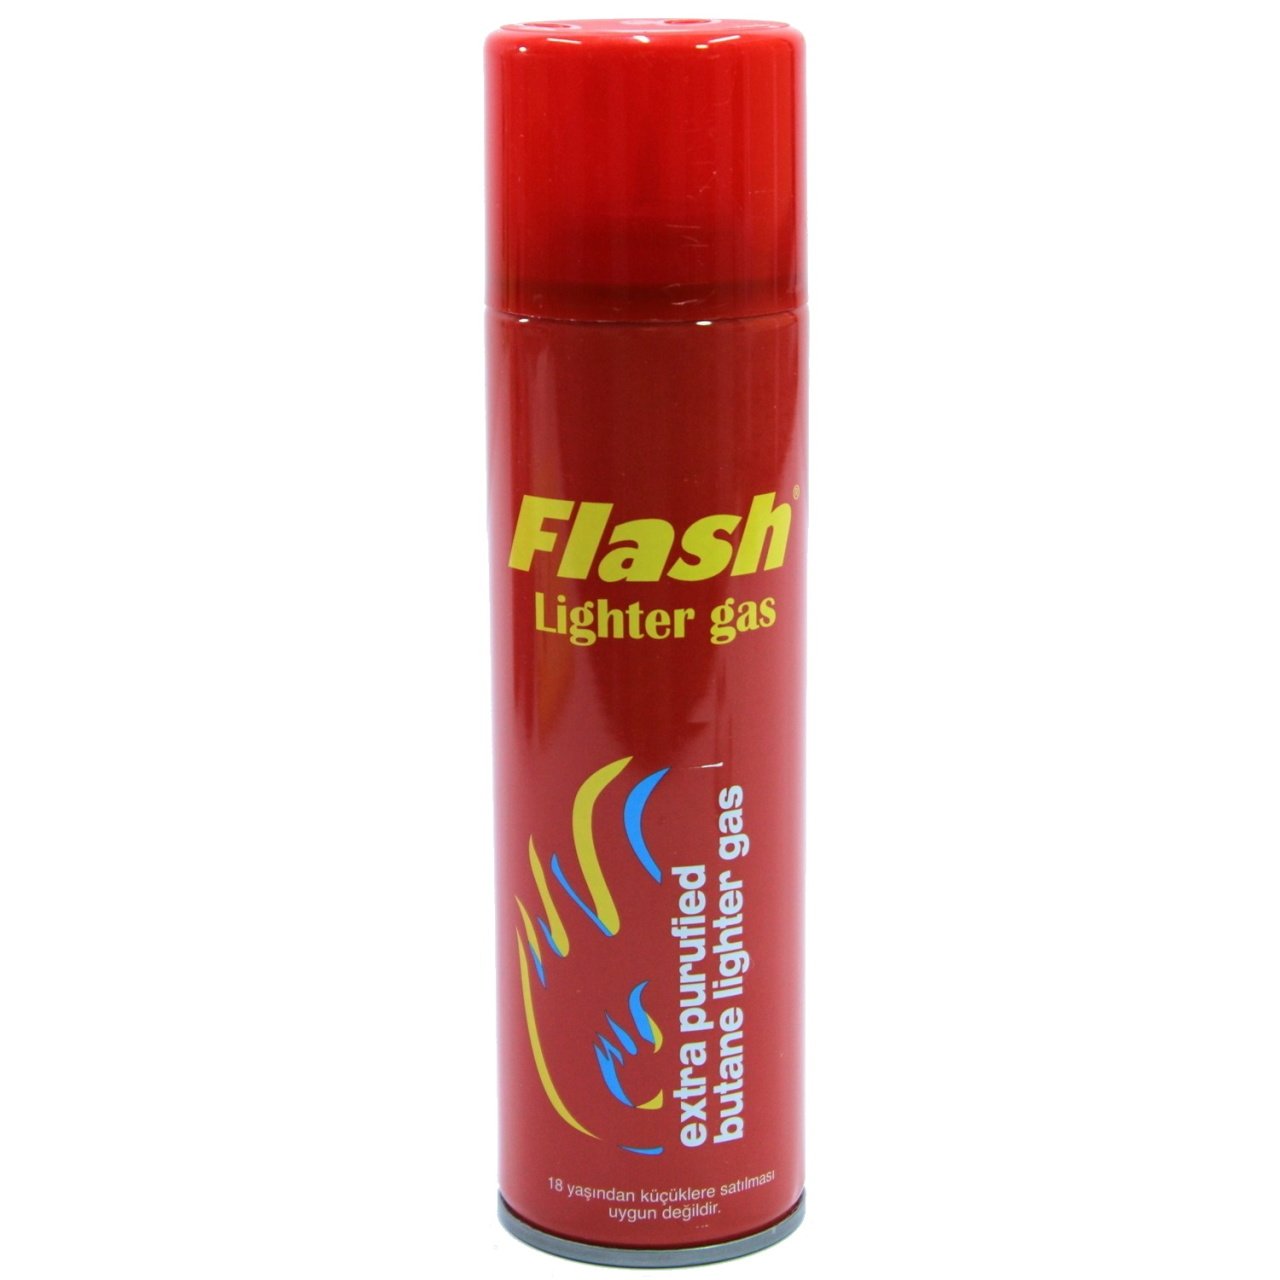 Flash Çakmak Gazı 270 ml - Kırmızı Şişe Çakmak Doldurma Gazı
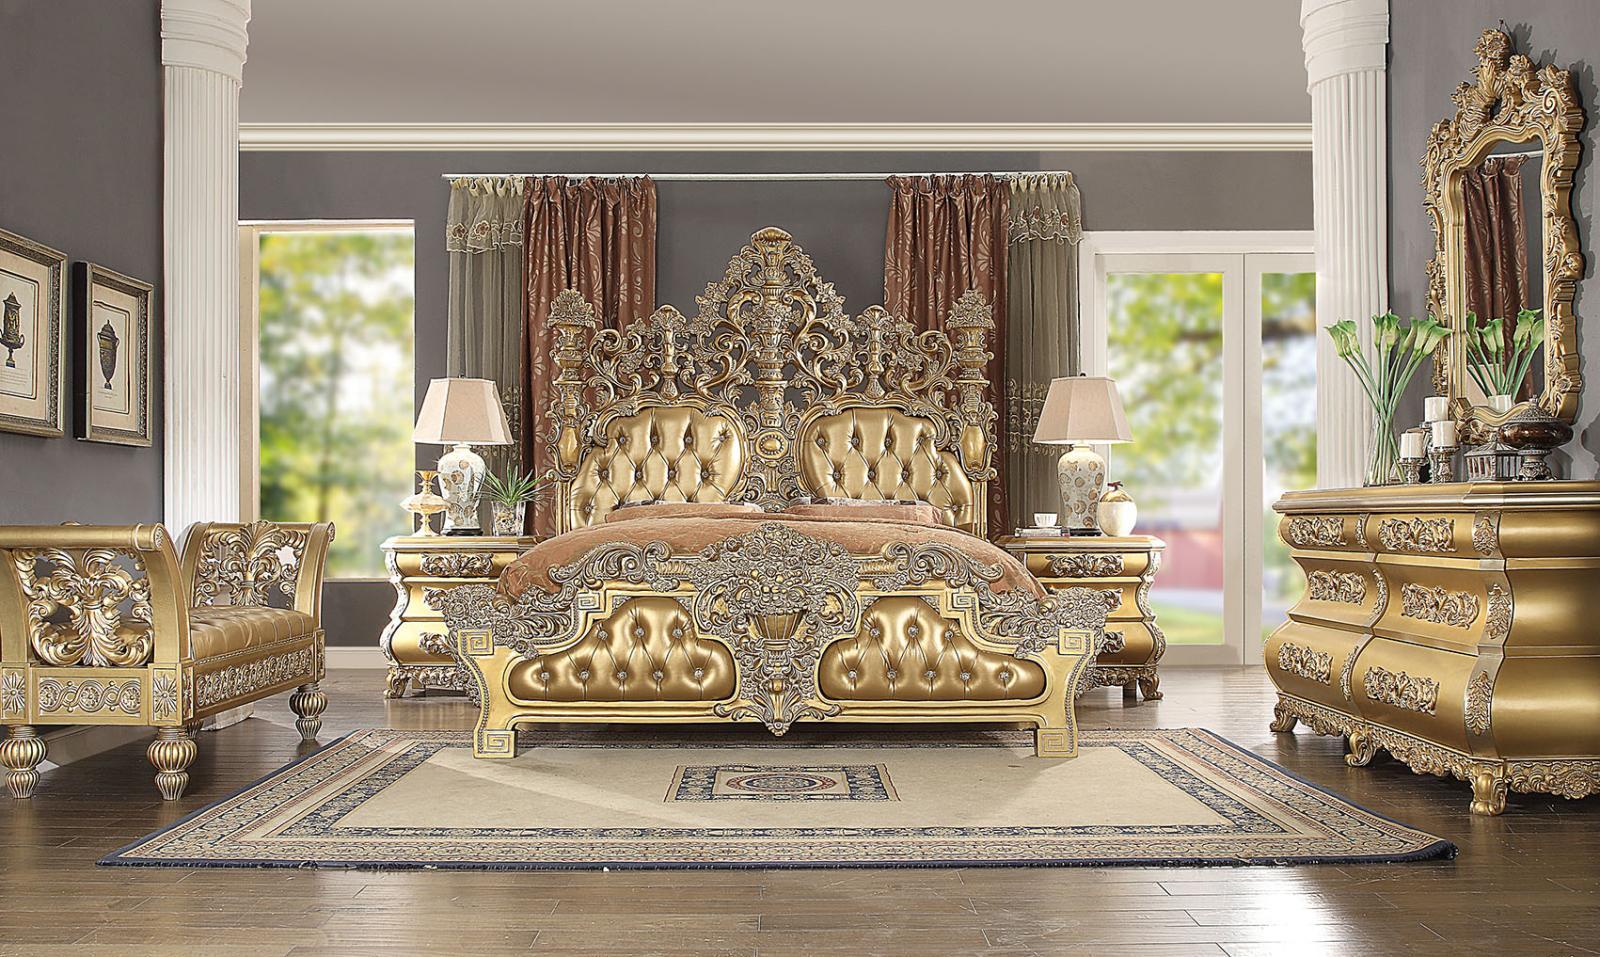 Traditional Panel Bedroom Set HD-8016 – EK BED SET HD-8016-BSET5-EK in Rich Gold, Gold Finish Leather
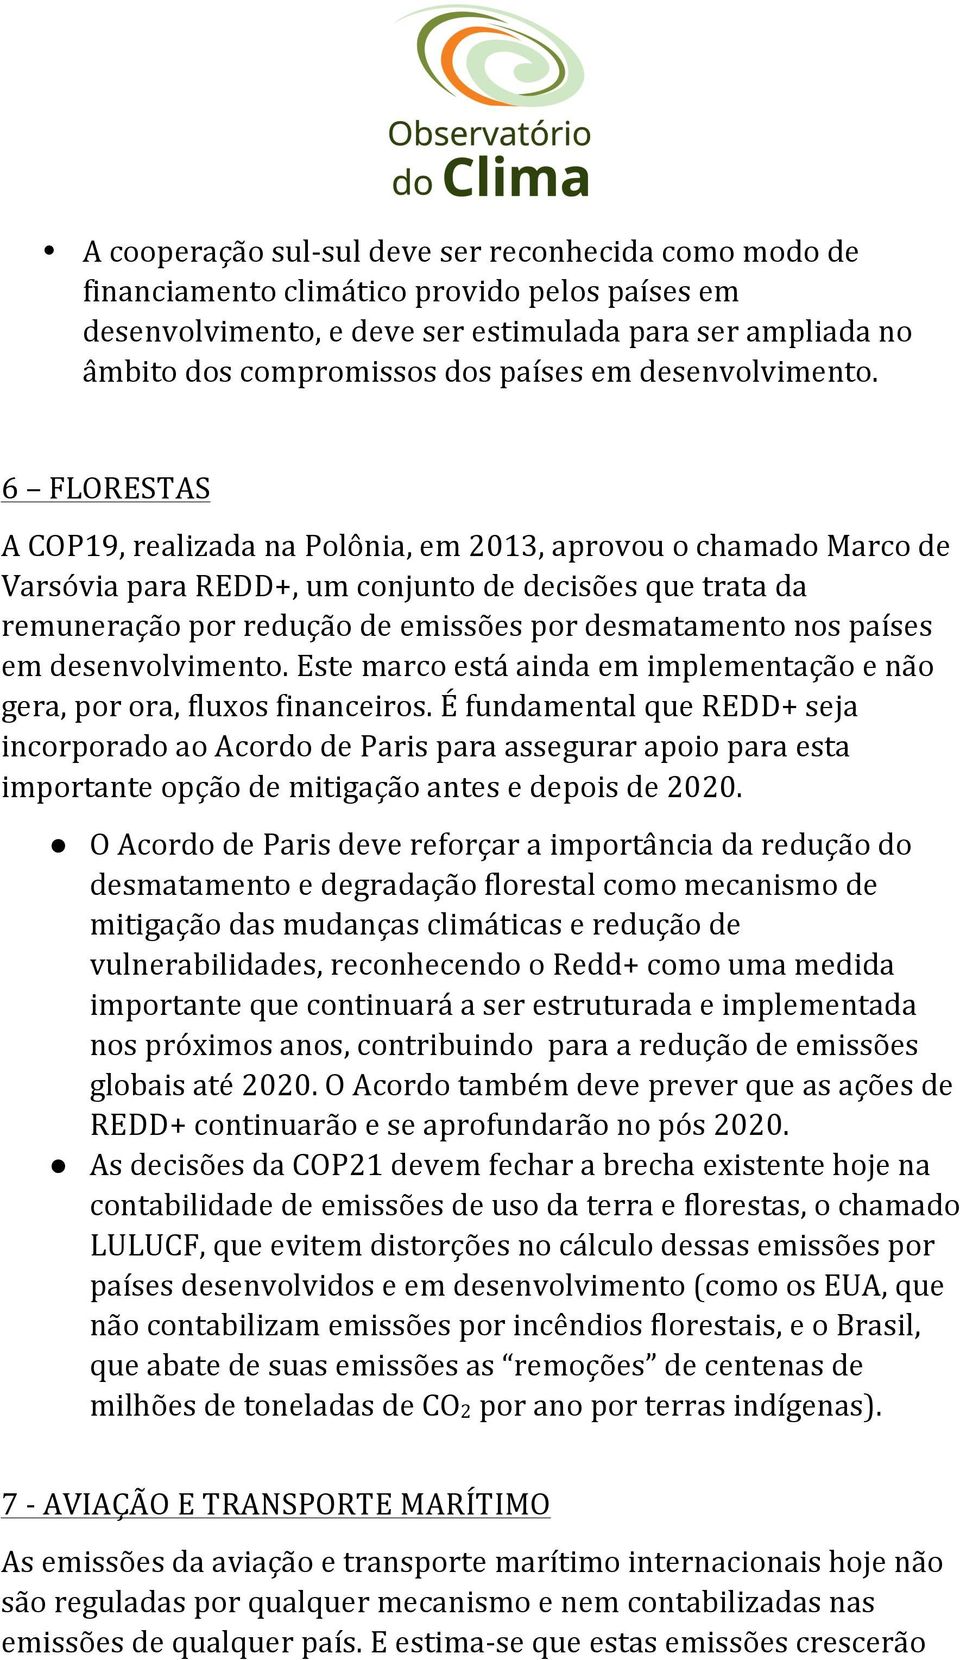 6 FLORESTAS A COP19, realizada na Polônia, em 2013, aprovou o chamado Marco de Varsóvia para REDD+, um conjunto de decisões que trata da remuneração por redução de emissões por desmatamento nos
════════════════
Give back exactly the lines from the line with "Traditional Panel Bedroom" through the end of the material above, inclusive, with no pictures.

 Traditional Panel Bedroom Set HD-8016 – EK BED SET HD-8016-BSET5-EK in Rich Gold, Gold Finish Leather
 6 FLORESTAS A COP19, realizada na Polônia, em 2013, aprovou o chamado Marco de Varsóvia para REDD+, um conjunto de decisões que trata da remuneração por redução de emissões por desmatamento nos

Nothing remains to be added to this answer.